Metal Guide: 14k vs 18k White Gold
14K vs. 18K White Gold: A Side by Side Comparison
Continuing from our previous blog post comparing 14k and 18k Rose Gold, we’d like to now compare the difference between 14k and 18k white gold.
To better understand white gold and the difference between 14k and 18k white gold, it's important to first have a grasp on gold and its purity. As we've previously discussed, the unit used to measure the purity of gold is karat, with 24 karat gold being the purest form (99.99% pure). One karat contains 1/24 pure gold, or about 4.17% pure gold, and a piece with a higher karat amount has a higher gold content.
While pure 24 karat gold has a brilliant yellow color, it is quite soft, which makes it unsuitable for use in jewelry. To make it more durable for jewelry, especially for bridal rings, it is typically alloyed, or mixed, with other metals, creating lower karat golds like 14k or 18k.
The image below you can see the color difference between a solid gold coin and a solid 14k rose gold band.
14k gold contains about 58% pure gold; the remaining 42% is an alloy of metals such as silver and copper.
18k gold contains about 75% pure gold; the remaining 25% is the alloy.
Now that we have a basic understanding of gold, its purity, and its alloys, let's compare how 14k and 18k white gold measure up.
Gold is a sought-after material in jewelry making because of its flexibility and malleable.
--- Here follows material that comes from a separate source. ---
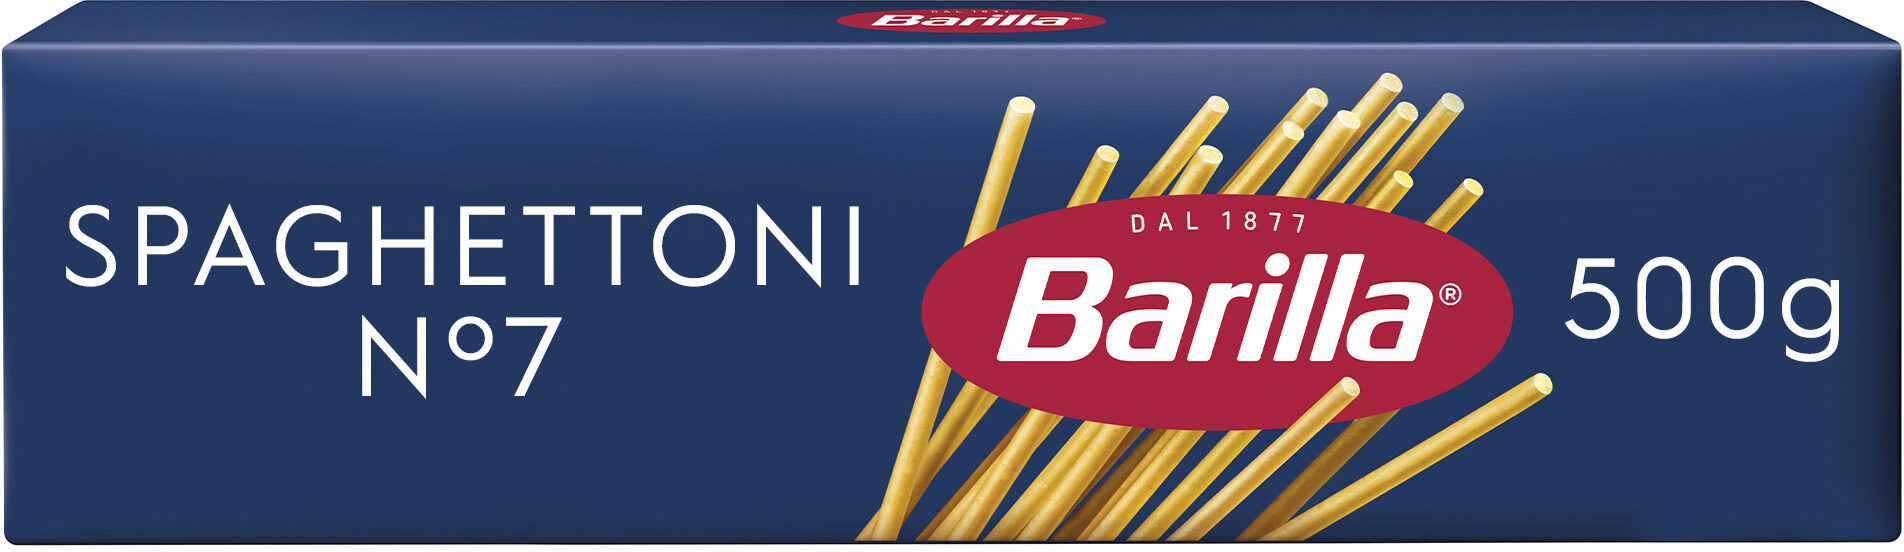 Barilla pates spaghettoni n°7 500g - Produit - fr

However, the higher the concentration of pure gold in a piece of jewelry, the more prone it is to scratches and bending. For example, an 18k white gold ring is less durable than a 14k white gold ring and requires careful handling. To create jewelry that can withstand daily use, gold must be mixed with other more durable metals, thus creating a metal alloy.
Of note: White gold jewelry is distinct from rose gold or yellow gold jewelry. This is because white gold jewelry is coated with a layer of rhodium, which provides an additional layer of protection. Thanks to this extra layer of protection, an 18k white gold ring will not wear out as easily as an 18k rose gold or yellow gold ring.
Purity & Appearance
The term “white gold” is a bit of a misnomer due to the fact pure gold is actually yellow; there is no such thing as “white” or “rose” natural gold. Since pure gold is naturally yellow, the white sheen of white gold is achieved by first alloying the gold with other metals such as silver and nickel. Mathematically, 14k white gold contains about 58% pure gold and 42% silver and nickel alloys while 18k white gold contains about 75% pure gold and 25% silver and nickel alloys.
Below you can see the band castings in 14k and 18k white gold:
As you can see, at the casting stage 14k and 18k white gold are still quite yellowish, with the 18k white gold casting being more yellowish than 14k white gold casting.
Below you can see the same 14k and 18k white gold leaf bands after polishing, but without the rhodium plating yet.
Again, you can see the white gold rings still have quite a yellowish hue with the 18k white gold ring showing more yellow than the 14k white gold ring. The next step will be where the white in white gold really comes to light.
After alloying pure gold with alloys to achieve a white tone, the next step is plating the white gold ring with rhodium. Rhodium is a durable element that has a silver/white color that is very shiny and dazzling. To achieve the whitest possible finish in a white gold piece, especially pieces with higher karat of pure gold, it is rhodium plated to counteract the yellow of the pure gold.
Below is the final step in making white gold rings. Both leaf bands in 14k and 18k white gold are rhodium plated (or dipped).
As you can see, now both white gold rings have that signature white color that white gold lovers adore. Despite the karat difference of 14k and 18k white gold, both rings have an almost identical appearance.
La More Design offers the option of creating engagement rings and wedding bands in either 14k, 18k gold, or platinum. We frequently receive inquiries from customers seeking guidance on which metal to select. However, the ultimate decision should always be based on personal preference, just like choosing a partner. We advise you to follow your heart and choose the ring that feels ideal for you.
Q: Does your white gold ring have to be re-dipped over time?
A: To maintain the pristine white appearance of your white gold ring, it will need to be periodically re-dipped or re-plated with rhodium. Over time, the rhodium plating will wear off, revealing the yellowish hue of the gold underneath. However, this is a sign that our jewelry at La More Design is made with genuine, solid gold. To put your mind at ease, we offer a free cleaning service, including re-plating your white gold ring(s) upon request, as part of our warranty.
Q: What is Rhodium?
A: Rhodium, with a current trading price of $12,850 per ounce as of July 11th, 2022, is the most expensive among all precious metals, surpassing gold's $1,750 per ounce and silver's $19.18 per ounce. Due to its rarity and high cost, solid jewelry made of rhodium is uncommon. Instead, it is commonly utilized as a coating for white gold or platinum jewelry to enhance their lustrous silver-white appearance and provide additional protection to these valuable items.
Would you prefer 14k or 18k white gold for your dream ring?